I know someone very close to me who is currently suffering. I am aware of the signs now and I want to be able to help. I want to grab her and hug her and let her know there is a light at the end of that dark tunnel she is living in. It’s a glorious light that seems so hard to get to right now but it is there all the same. Unfortunately I cant get the words out, I feel the heaviness of her heart and it gets the better of me. I’m as much a teary mess as she is, so I do it the only way I know I can and I write her a letter.

To my amazing friend,

I know you are in a bad place right now. I know you are suffering. I know sometimes things suddenly get so tough and you don’t understand why. I know that this is said to be one of the most beautiful times in your life and you feel like something is all wrong about that idea.  I also know you are strong and you are beautiful and you have the ability to have the good days. You have the strength to conquer the dark days and it doesn’t just come from the right medication, it comes from the self acceptance and belief the you are worth it.

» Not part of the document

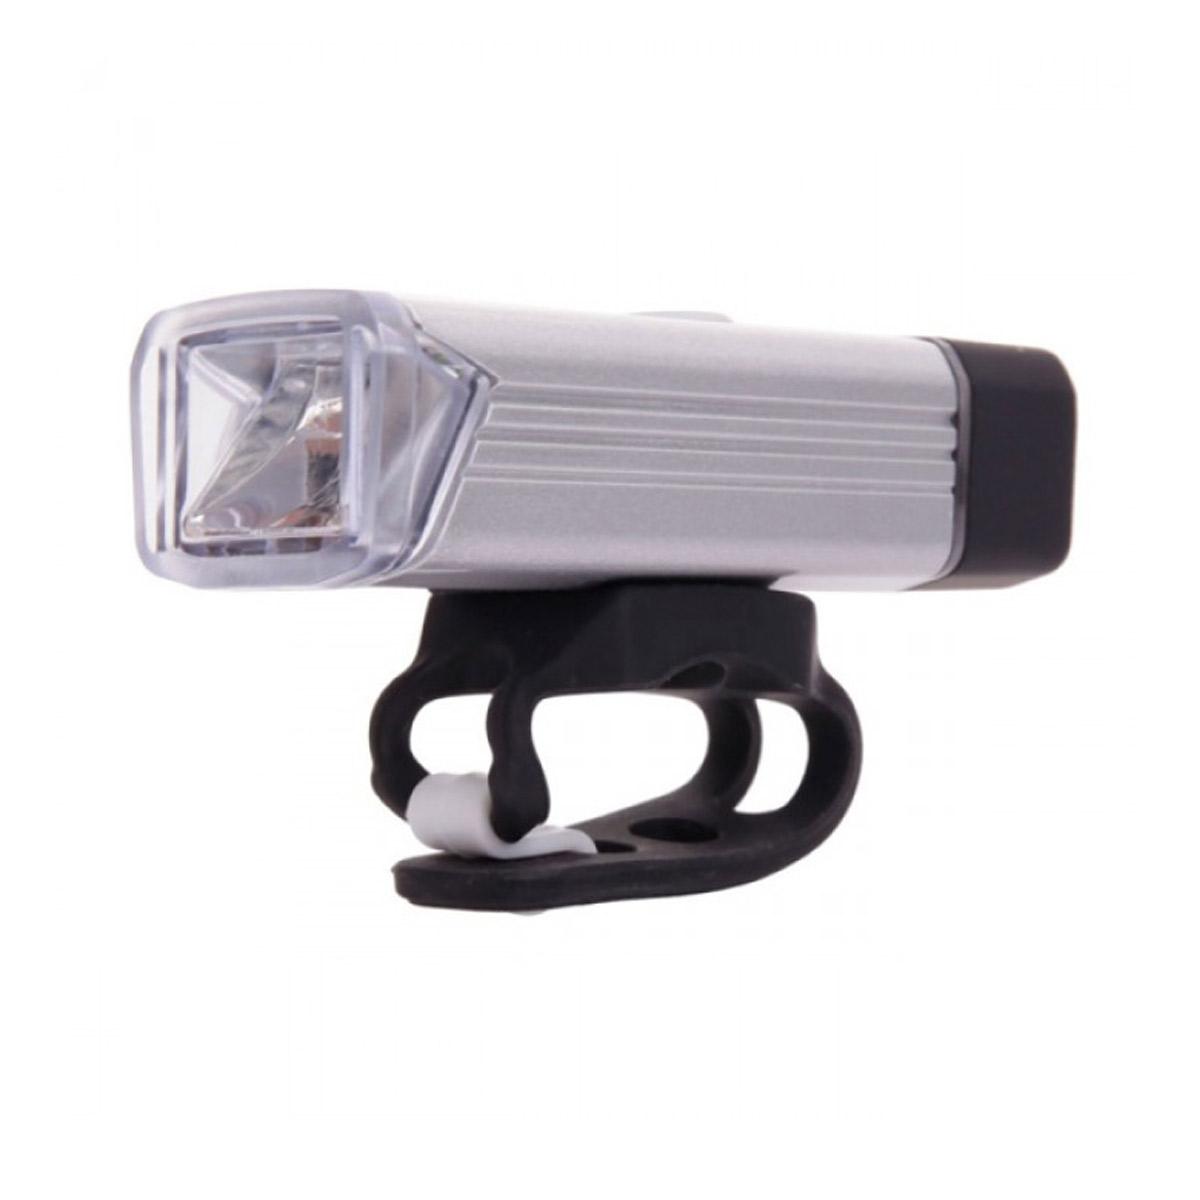 Фонари передние/задние LUMEN 180 Lumens USB Silver

I love you, as so many of us do. You are allowed to love yourself. It will be hard but I will be here and I will help you learn to love yourself. You are a kind, beautiful and caring soul, worthy of the love we all have for you. You have done and will do amazing things. And I will be there to support you through it. There is no better mother for your children than you. You are a good mother, you can be an amazing mother. Don’t doubt your own abilities.

I know you will read this and cry and wonder where to start. I know that you have told me that you hate the person you are. I know that you want to help yourself but you don’t know where to start. I really believe it starts with learning to accept yourself and to accept that you are valuable and truly important. You have an illness, but it is an illness you can recover from. You are not your illness.

You must forgive yourself. Let go of the hurts, the hurts to yourself and others.

 Your baby forgives you. Your family forgives you. They love you. They will always love you. You deserve to be loved.